◆ **Task details**
Produce as output only the lines below starting at the line with "Runde weiße Schüssel" and continuing through the line with "Baxter woods", each one exactly as written.

◆ **Exercise data**
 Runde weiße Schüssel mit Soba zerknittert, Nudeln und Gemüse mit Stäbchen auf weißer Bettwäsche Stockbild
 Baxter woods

...

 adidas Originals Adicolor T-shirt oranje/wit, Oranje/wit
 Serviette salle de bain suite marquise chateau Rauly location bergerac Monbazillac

◆ **Answer**
 Runde weiße Schüssel mit Soba zerknittert, Nudeln und Gemüse mit Stäbchen auf weißer Bettwäsche Stockbild
 Baxter woods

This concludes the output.